More context, better decisions. And unlike humans, AI doesn't clock out at 6pm.
The hardest part of this isn't technical. It's cultural. It means writing things down when previously you wouldn't have bothered. It means choosing systems that expose their data instead of locking it up. It means treating documentation less as overhead, and more as feeding your most diligent colleague.
This is also why I've been so deep on the Business as Code idea — once your business lives in plain text in a Git repo, "queryable" stops being a roadmap item and becomes a default.
3. AI Is an Amplifier
When you amplify every individual's capability, the lines between roles get blurry. Fast.
Engineers can do PM-ish work. PMs can ship a bit of code themselves. Marketing can solve problems they used to file tickets for. The old "I need to find someone who can do X" workflow gets compressed dramatically.
A startup that used to need 10 people and two years to ship a product can now do a rough version with two people in a week. Companies need fewer people overall (which, yes, is a big part of what these recent layoff waves are really about) — but each person can accomplish much more.

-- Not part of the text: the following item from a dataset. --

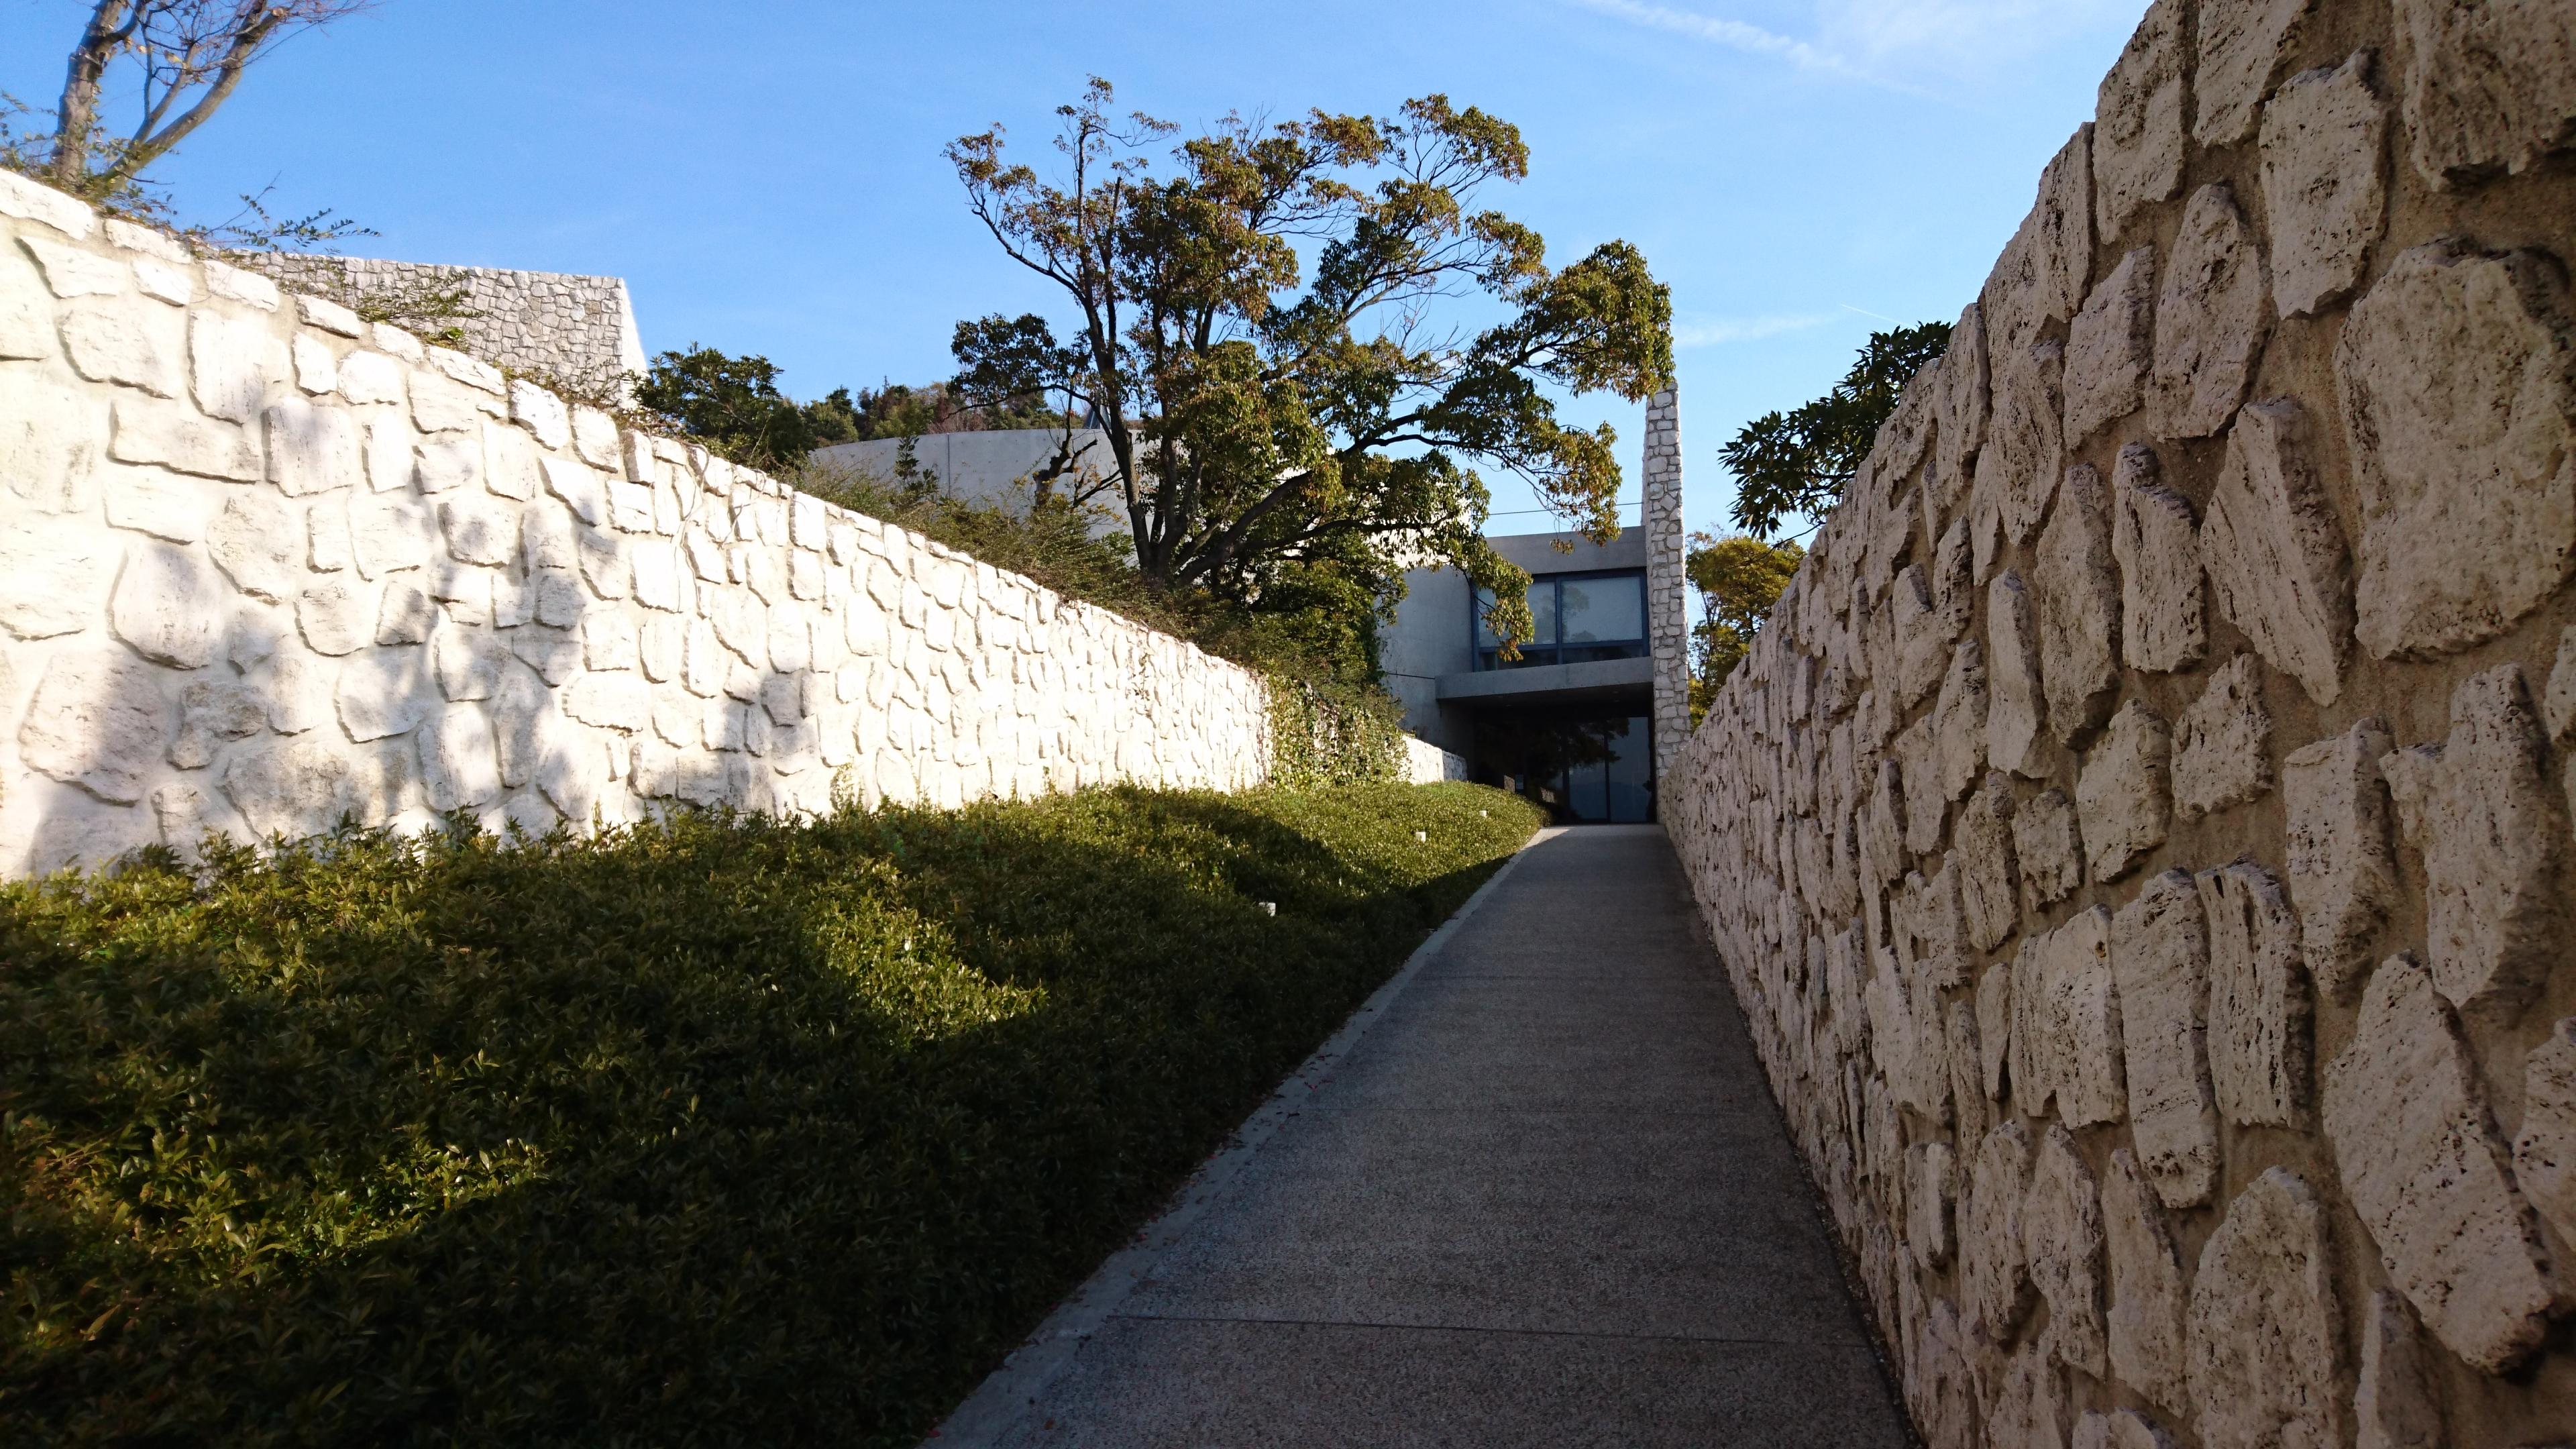 ベネッセハウスミュージアム入り口
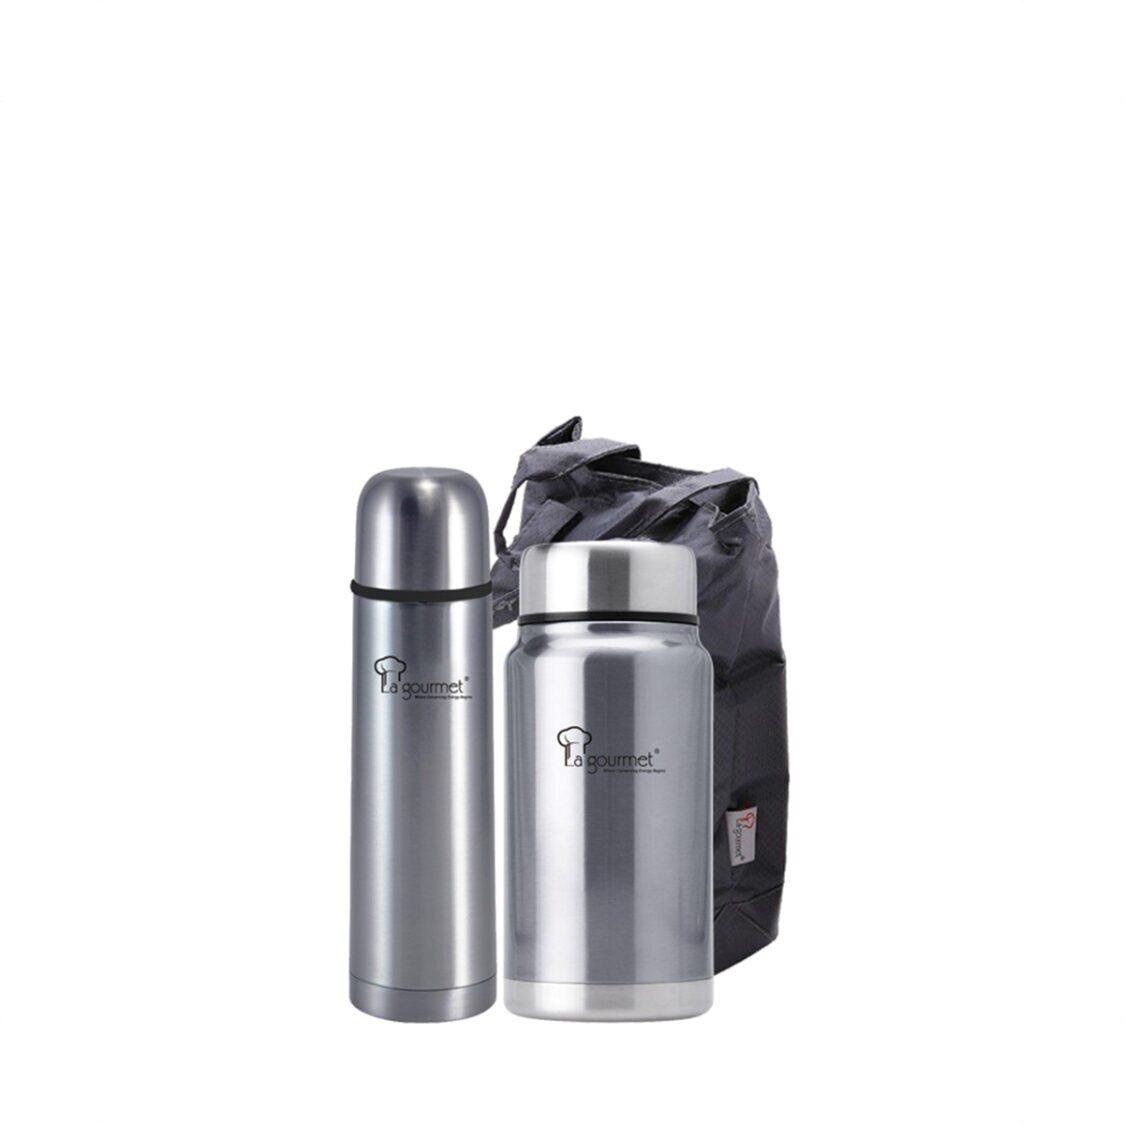 La Gourmet Sakura Plus 075L Thermal Pot  05L Flask LGSP338662LGSP338624

The result: role definitions become goal-oriented instead of function-oriented. Decisions stop getting stuck in hierarchy because every individual can pull the context they need through AI and contribute directly. The prerequisite is that information has to be more transparent, more objective. Politics dies a quiet death when the data is right there.
4. Close the Feedback Loop
AI itself evolves through a loop: Input → Output → Eval → Input. 24/7, no breaks.
The question is whether your organization runs on the same loop. Are your information flows, your people, and your collective intelligence all feeding back into something that learns? Or are decisions and outcomes disappearing into Slack threads and shared drives, never to be evaluated again?
The companies that figure out how to close this loop — at the org level, not just the personal one — are going to compound faster than everyone else. It's the difference between a company that gets smarter every quarter and one that keeps re-learning the same lessons every time someone new joins.
5. The Talent Layout Question
Here's the part fewer people are talking about.
In the AI Native Company frame, costs are lower and revenue has to come faster. The obvious move is to shrink headcount. The less obvious move is to rethink what kind of people you want in the building at all.
When every individual's capability is dramatically amplified, a lot of them will naturally want to start something — build a tool, sell a thing, run a side project. Trying to suppress that instinct is a losing battle.
So instead of forcing people into traditional roles or watching them leave to do their own thing in isolation, what if the company became a platform? An umbrella that lets people use company resources to collaborate on projects, with shared upside.
That's what Individual Contributor could actually mean. Not a level on a career ladder. A real, contracted individual operator who works on different projects under the company's umbrella. The company becomes more like a matching platform that ties different ICs to different products, and lets everyone's incentives align.
Why This Is Hard to Talk About
These ideas mostly crystallized while I was watching a bunch of YC videos on the AI Native Company concept. My own company is moving in this direction, carefully.
The hard part isn't doing it. The hard part is that the concept is still new enough that explaining it to anyone who hasn't already been thinking about it doesn't quite land. You describe a flat-ish, AI-augmented, IC-platform company and people nod politely while clearly imagining you're describing either a glorified gig economy or a startup that hasn't figured out management yet.
Neither, really.
It's something different. And I suspect we'll have a much better vocabulary for it in about two years — once the early movers have visibly compounded ahead.
For now, the playbook is simpler than the theory: save a seat for AI. Make everything queryable. Treat people as amplified. Close the loop. And start letting "individual contributor" mean what the words actually say.